Depuis j’ai arrêté mes excentricités et nos relations sont au beau fixe. Il y a plein de petits trucs à faire (ou ne pas faire) pour se comporter correctement. Ne jamais toucher ou pire, tripoter, la tête d’un enfant. Je ne sais plus pourquoi mais c’est verboten ! Toujours se déchausser pour entrer chez les gens sauf bien entendu si les
convives sont en majorité occidentaux. Prendre les objets qu’on vous tend à deux mains. Pareil quand vous remettez quelque chose à quelqu’un. Si vous déjeunez ou dînez, avec une dame, ne pas vous ruer sur l’addition. Il était de tradition que la note soit remise à votre invitée pour qu’elle puisse vérifier les comptes. Ne vous inquiétez pas. Après un regard de principe (ou pas) elle vous laissera payer volontiers.

Il y a aussi autre chose que la courtoisie ; les règles simples de bon voisinage et du “vivre ensemble” comme on dit maintenant dans ce qui était chez nous. Deux exemples : J’entendais les gens s’apostropher à coups de “bong” par ci, “bong” par là.
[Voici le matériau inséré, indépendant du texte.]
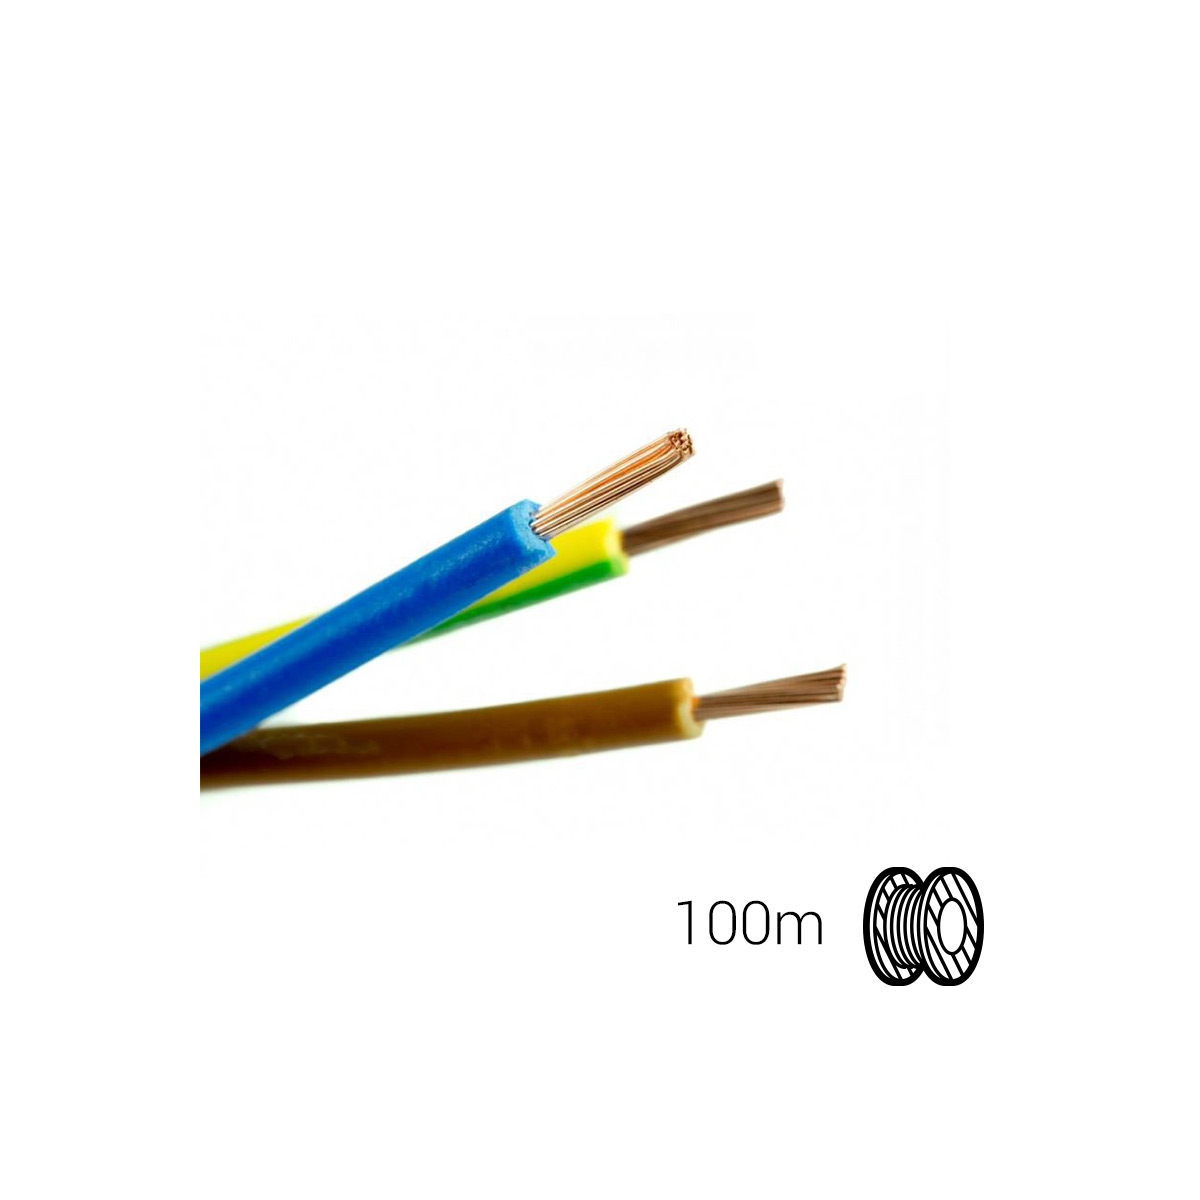 Halogen-free cable 6mm² H07Z1-K 100m

Ca sonnait bien et j’ai compris que c’était un salut amical doublé d’une marque de respect. Du coup je me suis mis à appeler tout le monde “bong” même les enfants (?). C’est Yonn, le bras droit d’un ami, qui m’a éclairé. Comme maintenant on se connaît bien et que je crois qu’on s’apprécie je lui ai demandé d’arrêter de me donner du “Monsieur Thierry” et de m’appeler simplement par mon prénom. Il m’a expliqué qu’il ne pouvait tout simplement pas y arriver parce que j’étais plus âgé que lui et l’ami de son patron. Je suis donc devenu “bong” (oncle) et lui “paoun Yonn” (neveu). Tout le monde est content.

Au restaurant, dans les transports ou au marché, les khmers font l’effort, dès qu’ils le peuvent, de parler anglais. Le problème c’est que nos accents varient (to say the least). Entre mon patchwork texan / londonien avec une pointe de sud af’ et la “french touch” de mon ami Roger, il y a un abyme. Donc nos interlocuteurs font ce qu’ils peuvent mais ça peut entraîner des confusions. Et comme la “face” est primordiale chez les khmers, ils ne vous diront jamais qu’ils n’ont pas compris mais feront “pour le mieux”. Le plus simple, si vous le pouvez, est d’apprendre le khmer. Comme çà, si on vous amène du poisson à la place de vos nouilles vous ne pourrez plus ronchonner mais vous ne pourrez vous en prendre qu’à vous même.